However, there is an extension to the format that includes the information of the nesting directories: the cache-tree extension. Each node of the cache-tree stores a list of sub-nodes and a range of index entries that are covered by the current node. Each node stores the object ID for the tree it represents.

The index and the cache tree

The root node always covers all of the blobs in the index. The contained nodes have ranges contained within that range.

Git commands such as git add update the cache-tree extension in order to make the next git commit command very fast. To create the new commit, Git can use the tree from the root of the cache-tree extension.

Many Git commands use the index in many different ways. Some commands compare the working directory to the index and update one or the other when there is a difference. Others compare the index and a commit. Some compare multiple indexes together. Some use the cache-tree extension to navigate the nested tree structure, but mostly they scan the flat list of files in the form of an array.

The index affects Git performance at scale

The index can be very large in monorepos. I will show Git performance data from an example monorepo that has over two million files at HEAD. Even using the latest compression techniques available, the index file is over 180 MB in this monorepo.

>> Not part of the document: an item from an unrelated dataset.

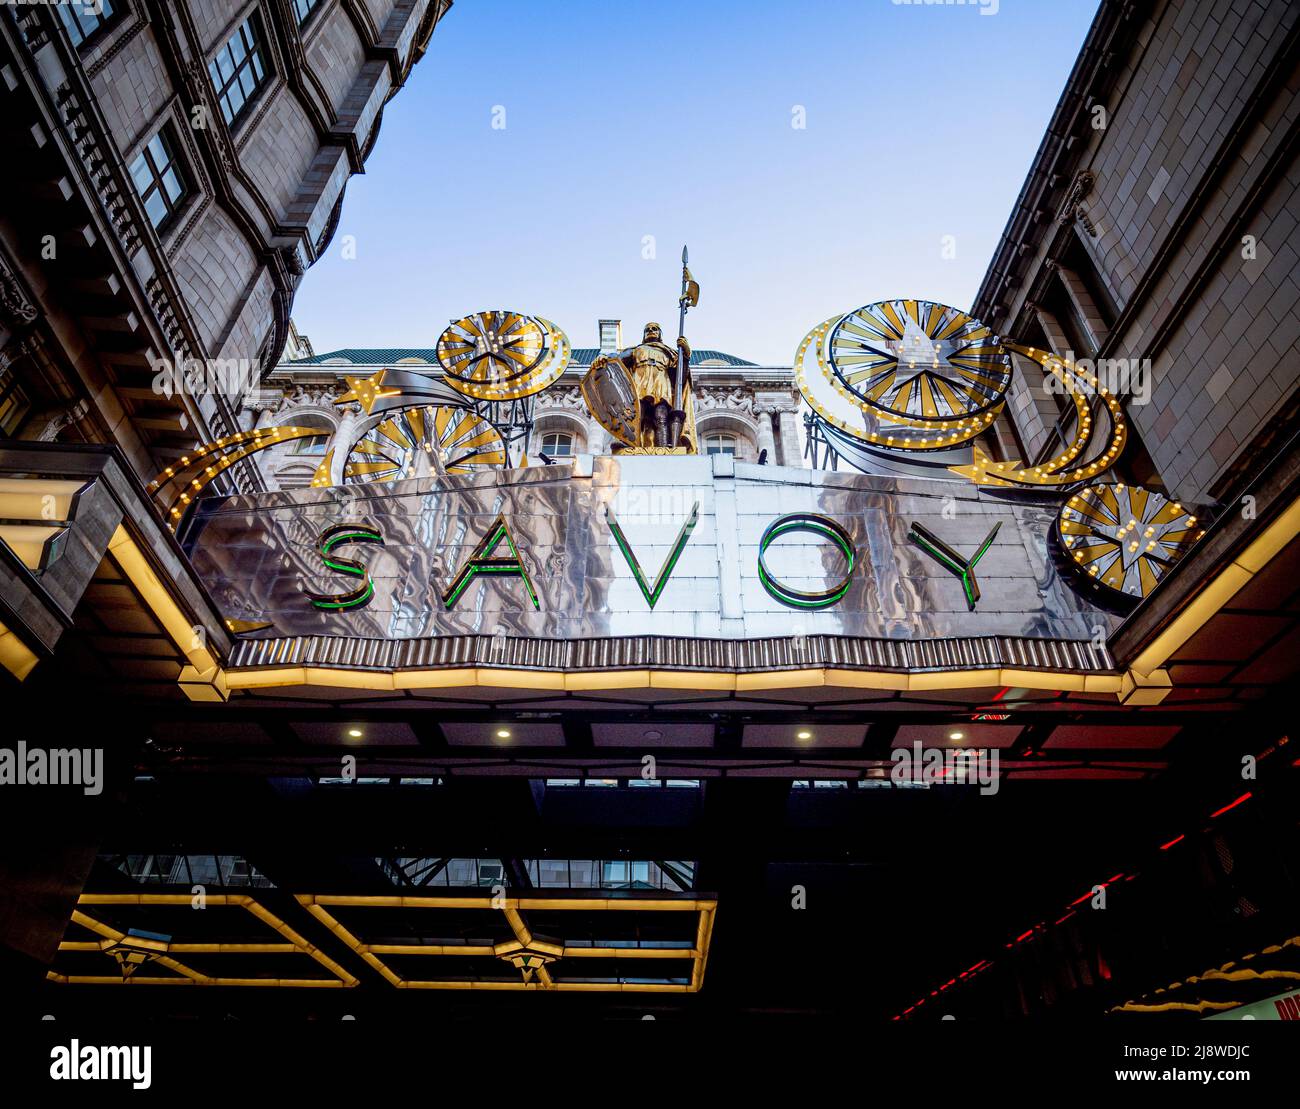 L'iconico baldacchino d'argento del Savoy Hotel con decorazioni natalizie illuminate. Londra. Foto Stock

This has a significant effect on normal Git commands. Presented below is an annotated flamechart of a git status command with one of these large indexes. The x-axis represents time since the start of the command, and each rectangle represents a region of Git’s execution that is marked by its trace2 logging library.

`git status` with full index

Three regions are annotated here:

  1. The index is read from disk and parsed into memory.
  2. The working directory is compared to the index. This triggers a lazy initialization of some hash tables that are required for this effort.
  3. The modified index is written to disk.

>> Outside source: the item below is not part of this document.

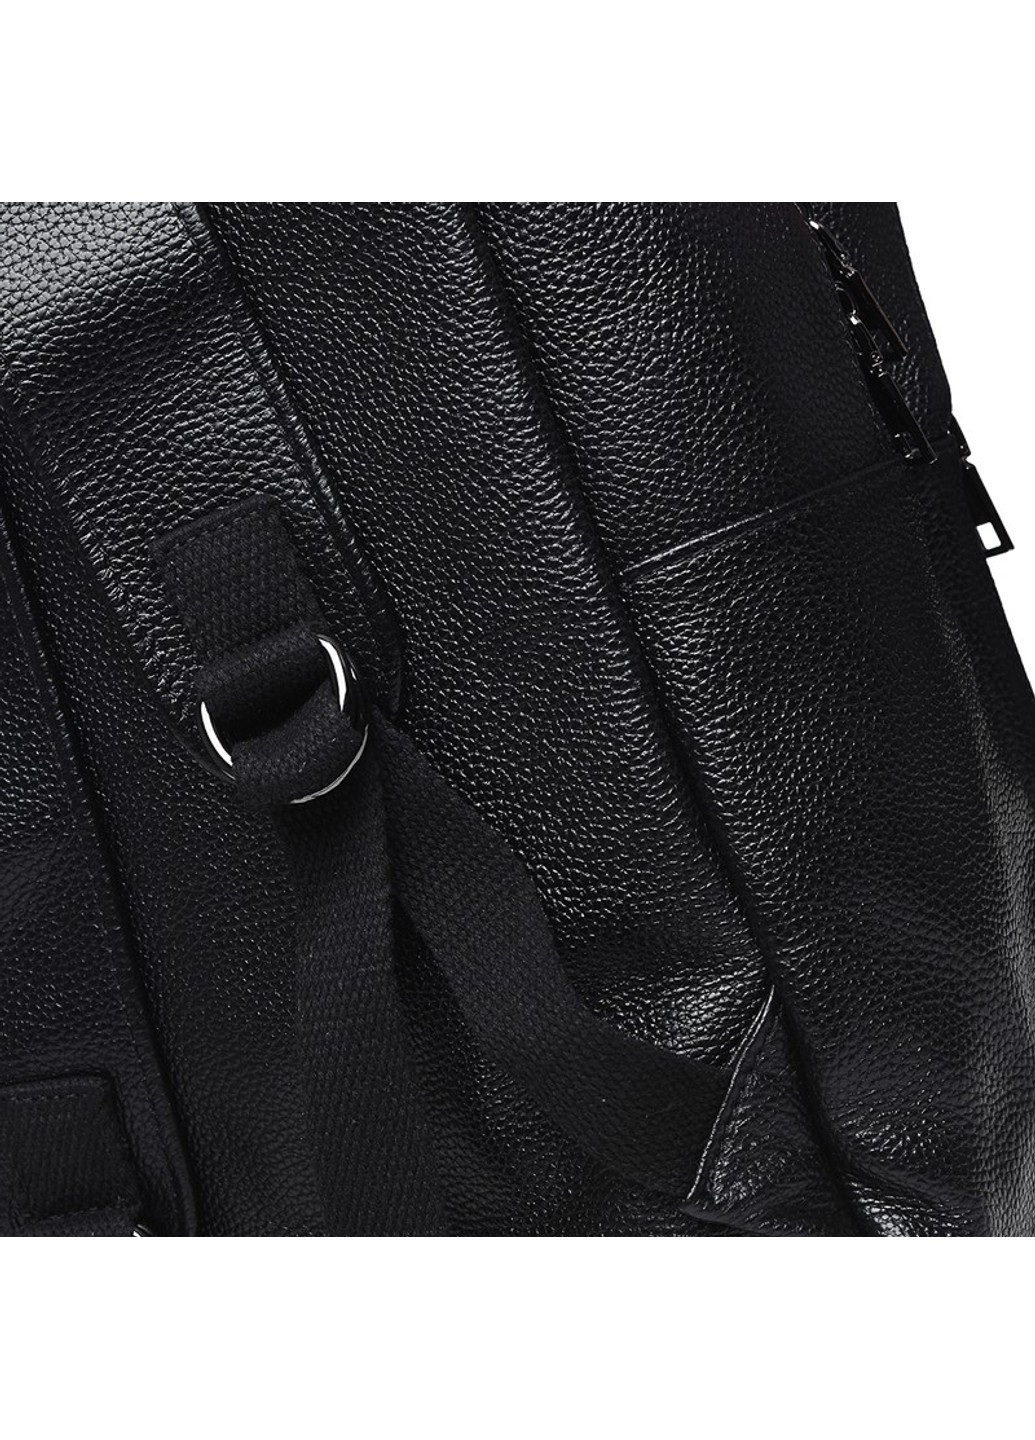 Мужской кожаный рюкзак k1336-black Keizer (266143556)

Parsing is multi-threaded, but writes are not. This explains some of the differences in how long those actions take.

Clearly, the amount of data in the index is a significant portion of this command. This also affects other commands such as git add and git commit, which are expected to be fast.

This performance concern became abundantly clear when our monorepo customer wanted to group more dependencies within the monorepo. Some teams had isolated Git repositories that were hundreds of times smaller than the monorepo, but these repositories created packages that were consumed by the monorepo, causing complications in tracking dependencies. The hope was that they could merge into the monorepo and rely on sparse-checkout to make it feel like they were still working in a small repository. The user experience was actually much worse, and the root cause was the time it took to read and write the index.

The main culprit is that there are millions of index entries corresponding to files these users do not care about for their daily work. When they push to the server and create a pull request, the build machines can handle the massive scale of building the entire tree and verifying that the small change works within the larger whole of the monorepo. Users should not need to pay that cost.

As members of the Git Fundamentals team, we are very focused on Git performance, and the index has been on our minds for years. For example, the index is a bottleneck for the VFS for Git environment, but that environment has particular needs that prevent improvements in this area.

The biggest thing that has changed recently is the creation of “cone mode” sparse-checkout patterns. These use directory-based pattern matching instead of file-based pattern matching. While cone mode was originally designed to speed up pattern matching in the sparse-checkout feature, it has now unlocked a new way to shrink the index.

The sparse index

The sparse index differs from a normal “full” index in one aspect: it can store directory paths with the object ID for its tree object. This is in addition to the file paths which are paired with blob objects. Since the cone mode sparse-checkout patterns match on a directory level, we can determine that an entire directory is out of the sparse-checkout cone and replace all of its contained file paths with a single directory path.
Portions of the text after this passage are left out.